§ Goal of the exercise
Lines before the one containing "Sale Fine Fettle T-shirts - Small only" are not copied; that line and every one after it, through the end of the material below, are printed exactly, without pictures.

§ Data
* * * * * * * * *
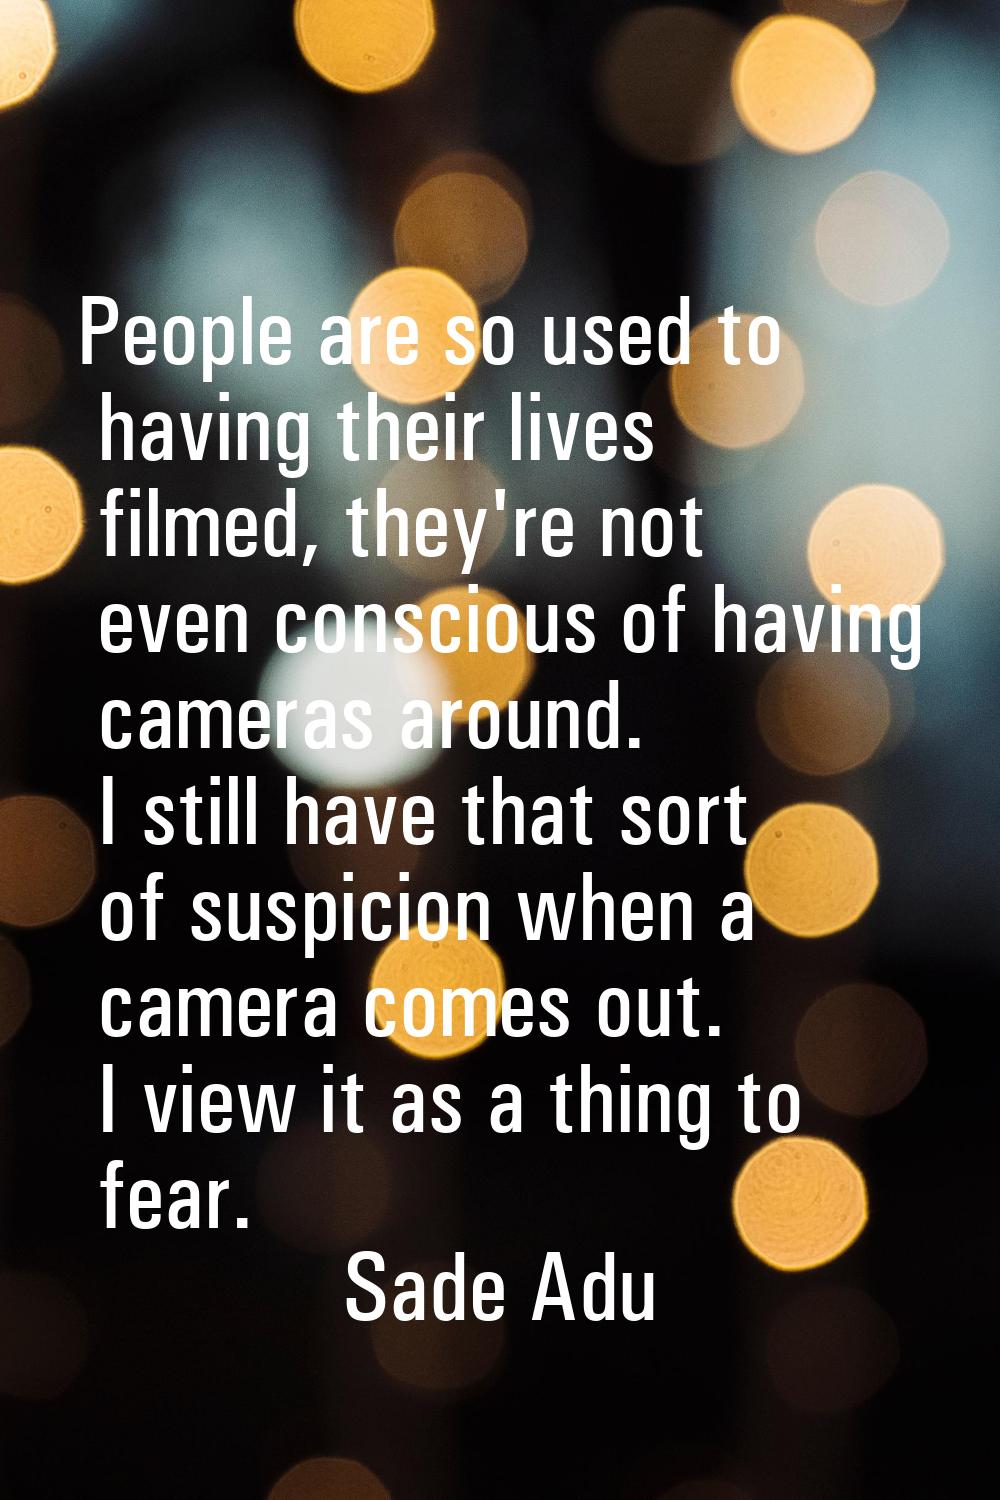 People are so used to having their lives filmed, they're not even conscious of having cameras aroun
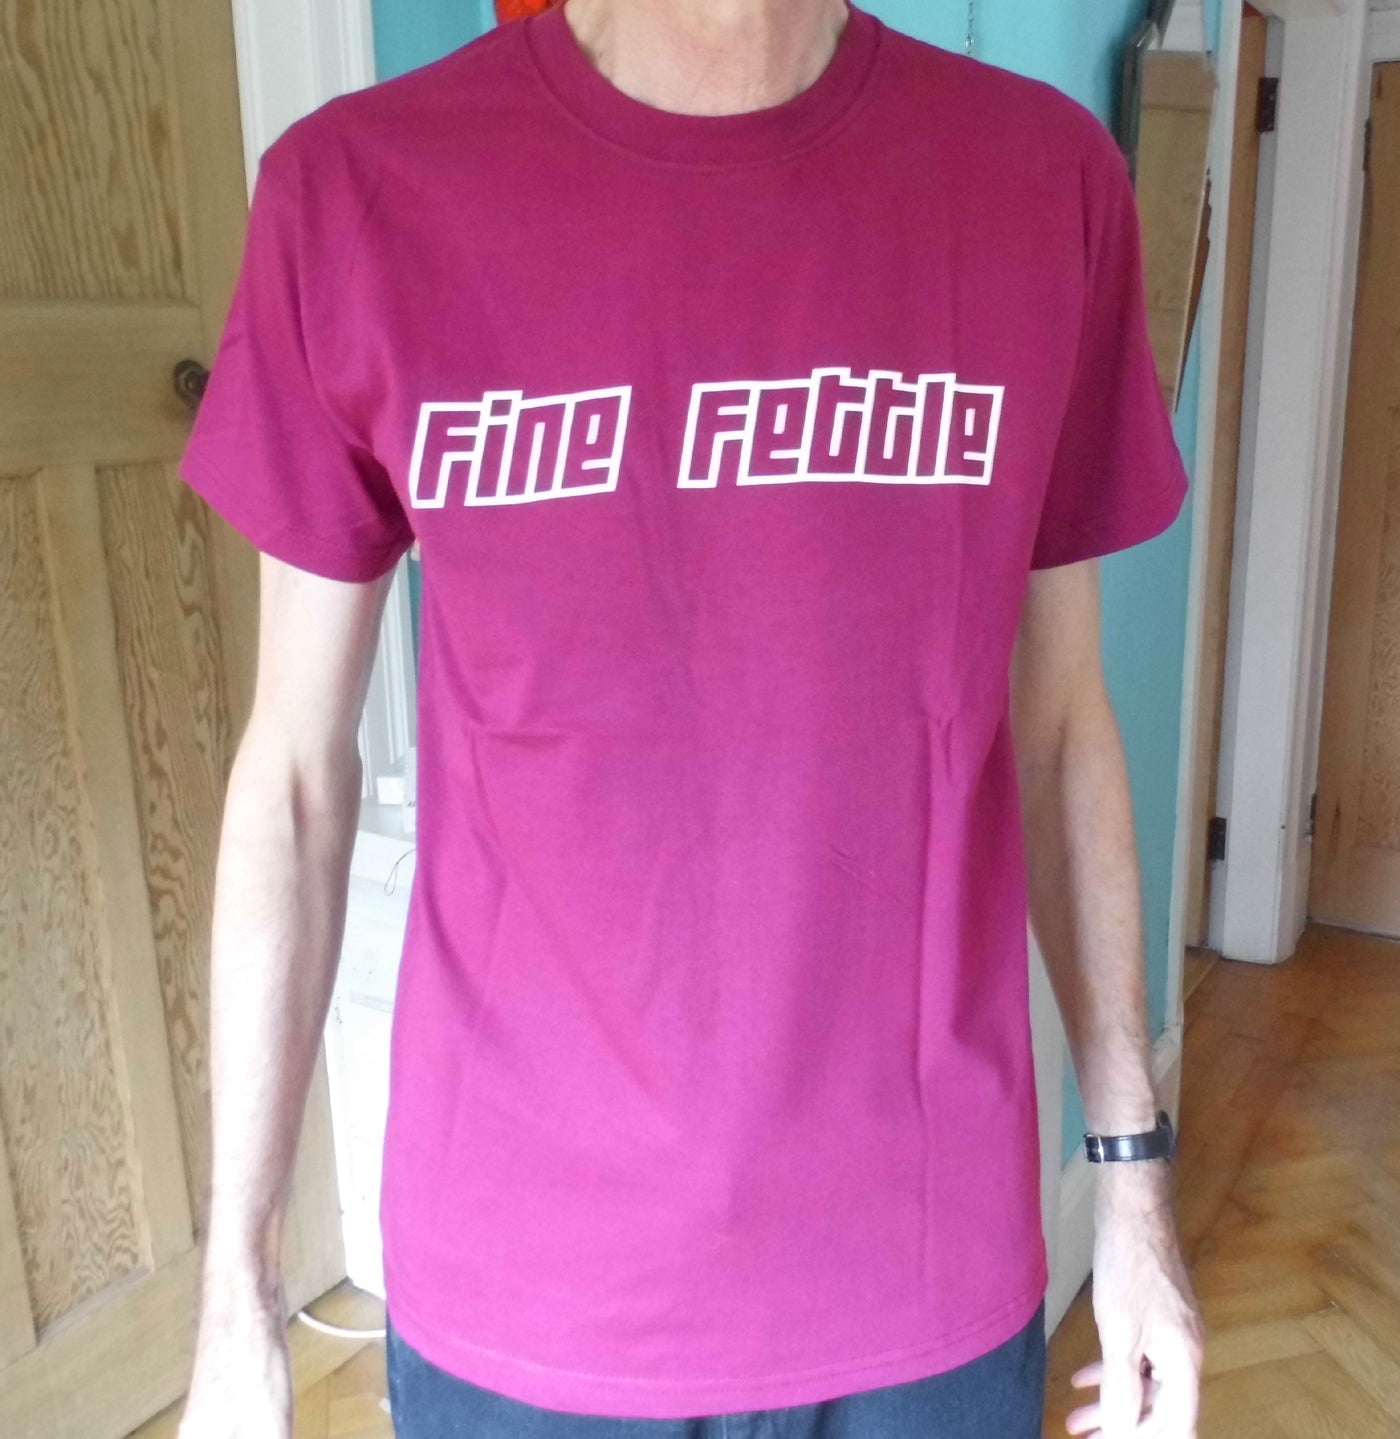 Sale Fine Fettle T-shirts - Small only
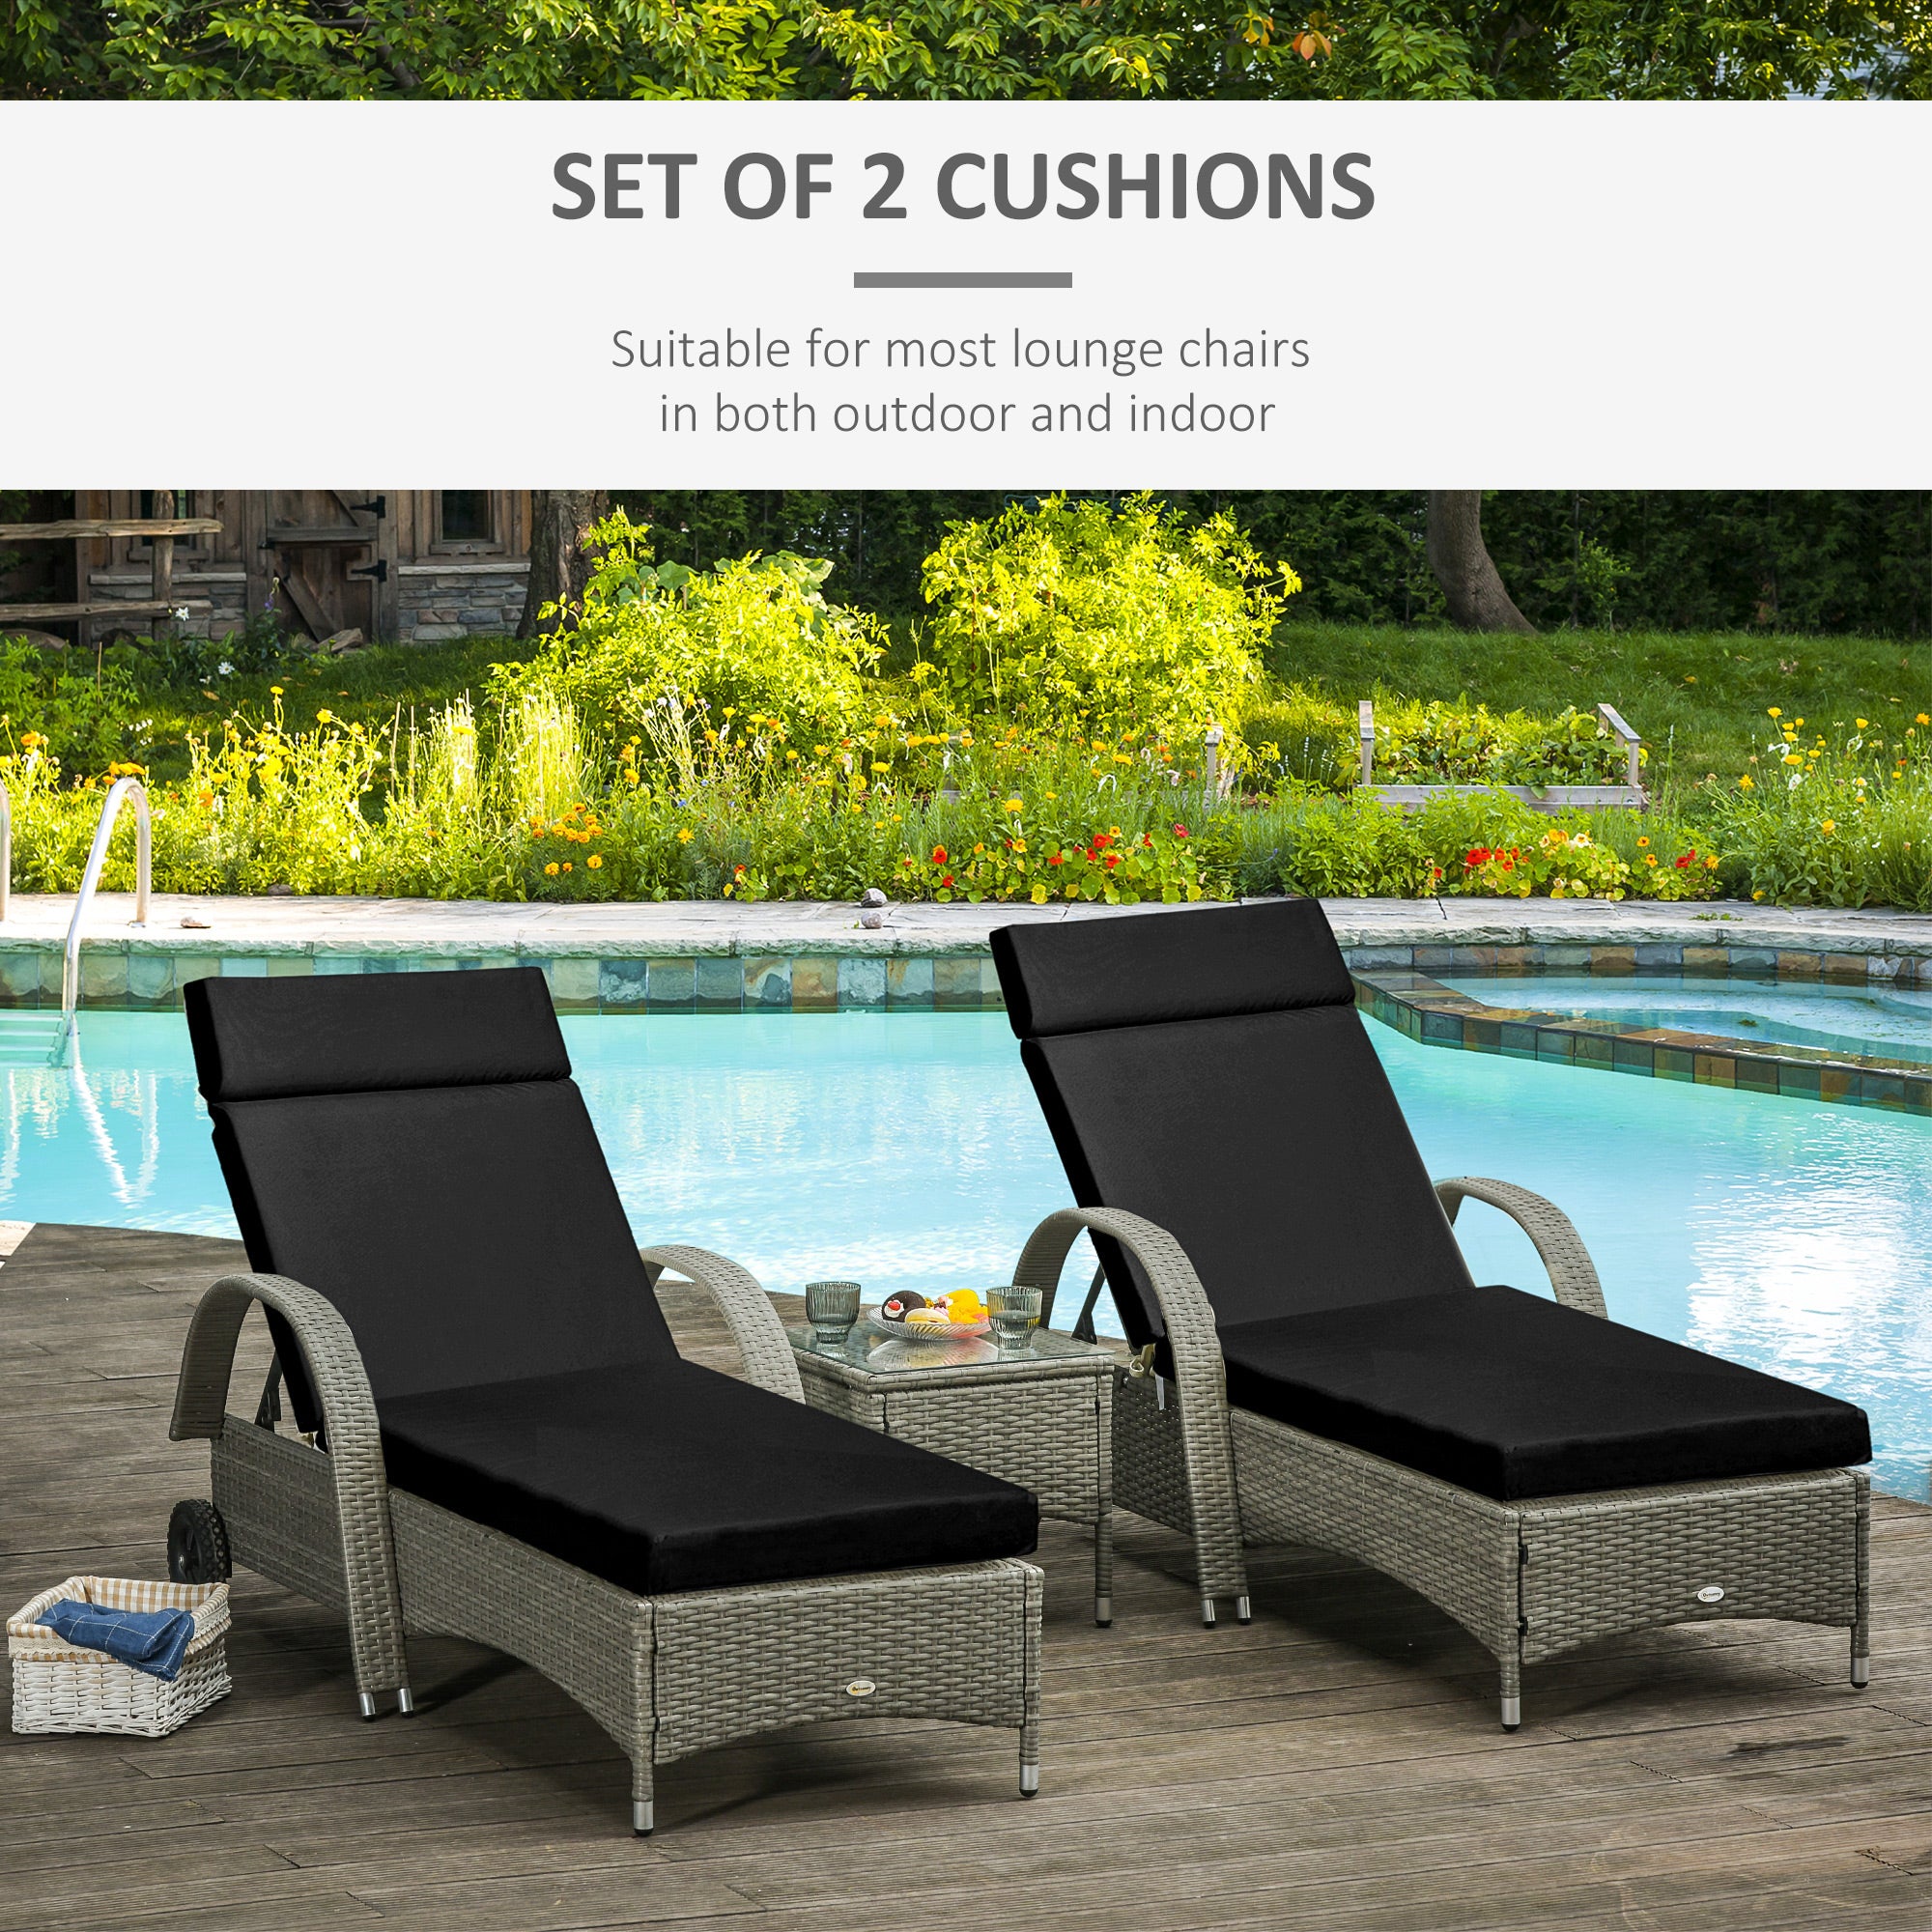 Outsunny Set of 2 Sun Lounger Cushions, Replacement Cushions for Rattan Furniture with Ties, 196 x 55 cm, Black
* * * * * * * * *
§ Completed exercise
 Sale Fine Fettle T-shirts - Small only
 Outsunny Set of 2 Sun Lounger Cushions, Replacement Cushions for Rattan Furniture with Ties, 196 x 55 cm, Black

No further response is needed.